1 - Get an alpha version of cisTEM#

To run the simulator or template matching you will need an alpha version of cisTEM. For most people, the best choice will be to download a pre-compiled binary, following the instuctions here: get cistem tutorial For those interested in compiling form source code, you will need to add the “–enable-experimental” flag to your configure line, as well as following the instructions here.

2 - Calculate a 3D scattering potential#

Simulation in TEM involves describing

  1. The Coulomb potential of the sample

  2. The relativistic wave function of the imaging electrons

  3. The interaction of 1 & 2

  4. The influence of the microscope optics, including the lenses, detectors etc.

Step one is also the first step in a template matching experiment, were the detection efficiency is directly tied to the output SNR from the matched filter used in 2DTM. The SNR in turn depends strongly on how well your calculated specimen potential matches the imaged specimen potential recorded in your micrographs(s). To improve detection, both points 1 & 4 from above need to be carefully handled.

Materials needed#

  • An alpha version of cisTEM see above.
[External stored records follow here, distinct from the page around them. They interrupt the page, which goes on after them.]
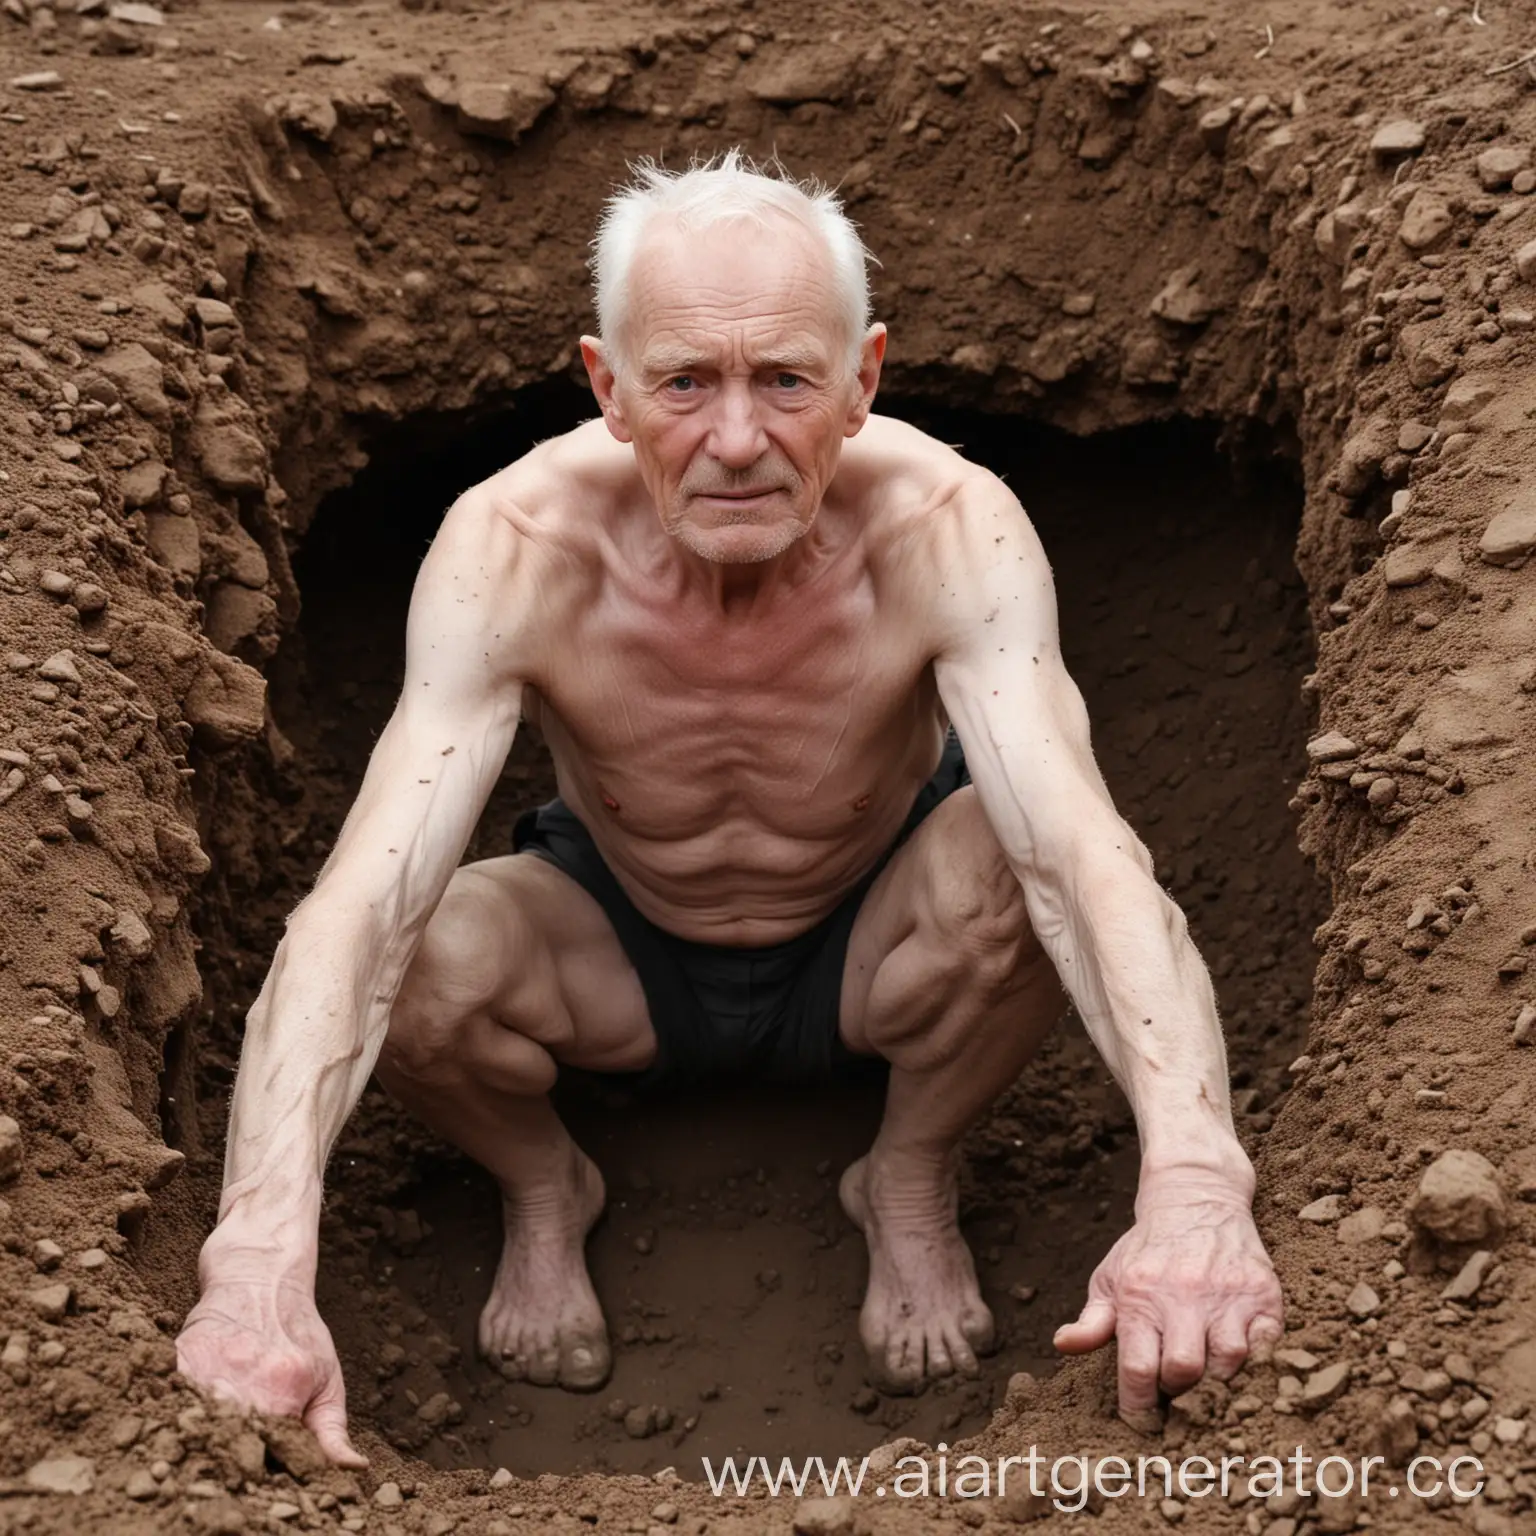 Очень бледный, старческого возраста мужчина, вылезающий из под земли. Можно увидеть морщинестые брови и хорошие мускулы
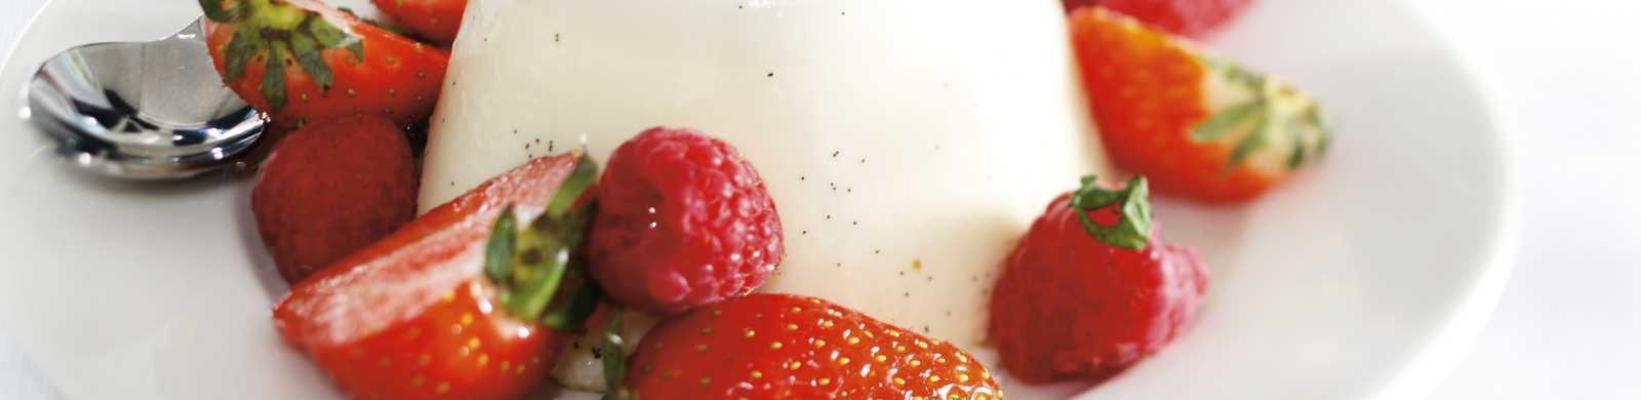 vanilla panna cotta with red fruit
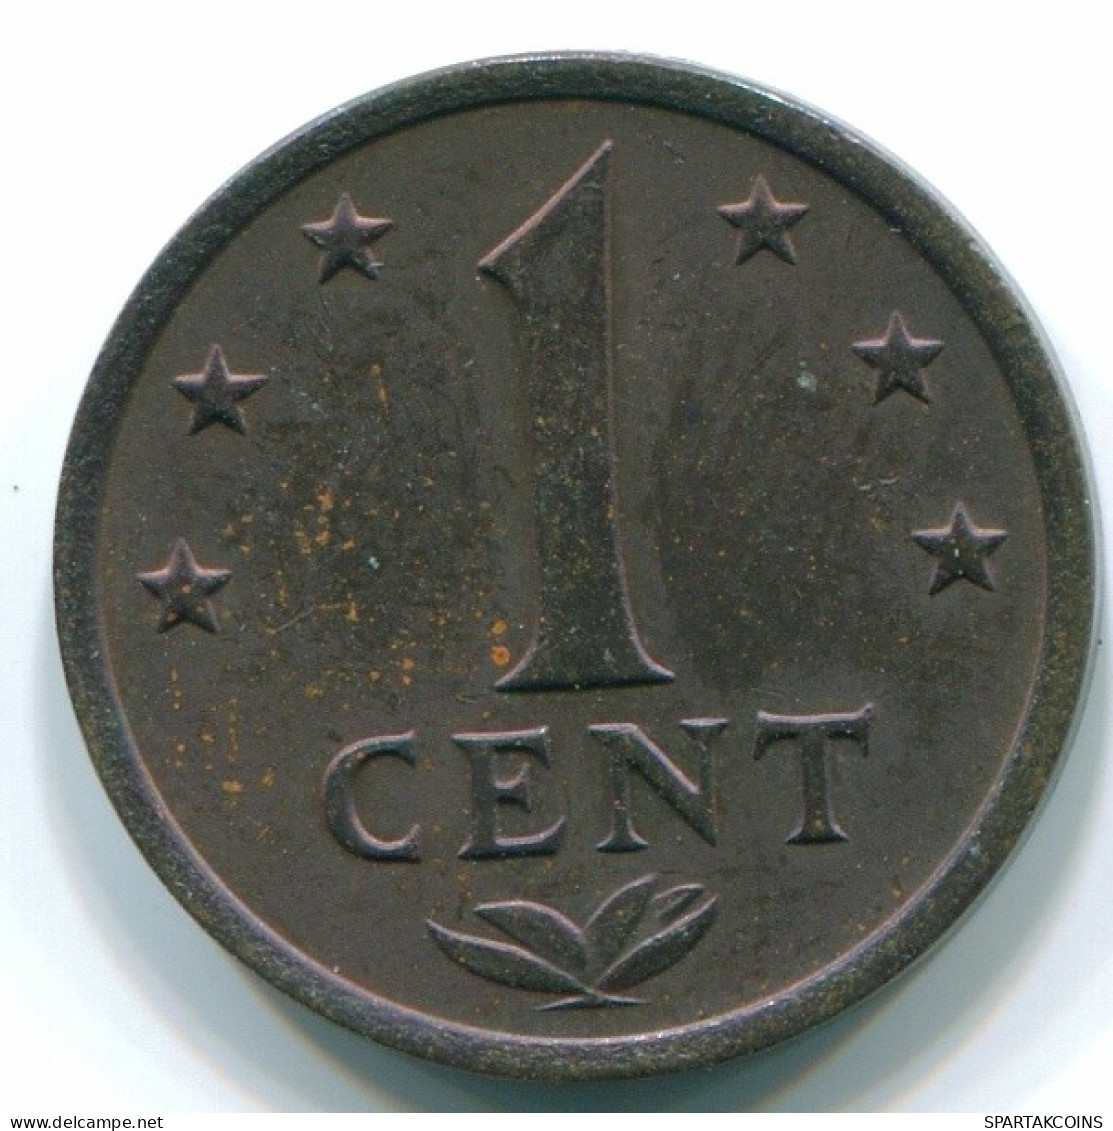 1 CENT 1975 NIEDERLÄNDISCHE ANTILLEN Bronze Koloniale Münze #S10674.D.A - Niederländische Antillen

  • Information about the imaging conditions used in the data you wish to search.

  • A PDB representing your molecule

  • You may adapt this script to your specific use case.


Only classic PDB format is supported at the moment. Support for newer PDBx/mmCIF is planned, but in the interm, you will need to manually convert to PDB using a tool like Chimera for example. Simply open your mmCIF and then “save as PDB.”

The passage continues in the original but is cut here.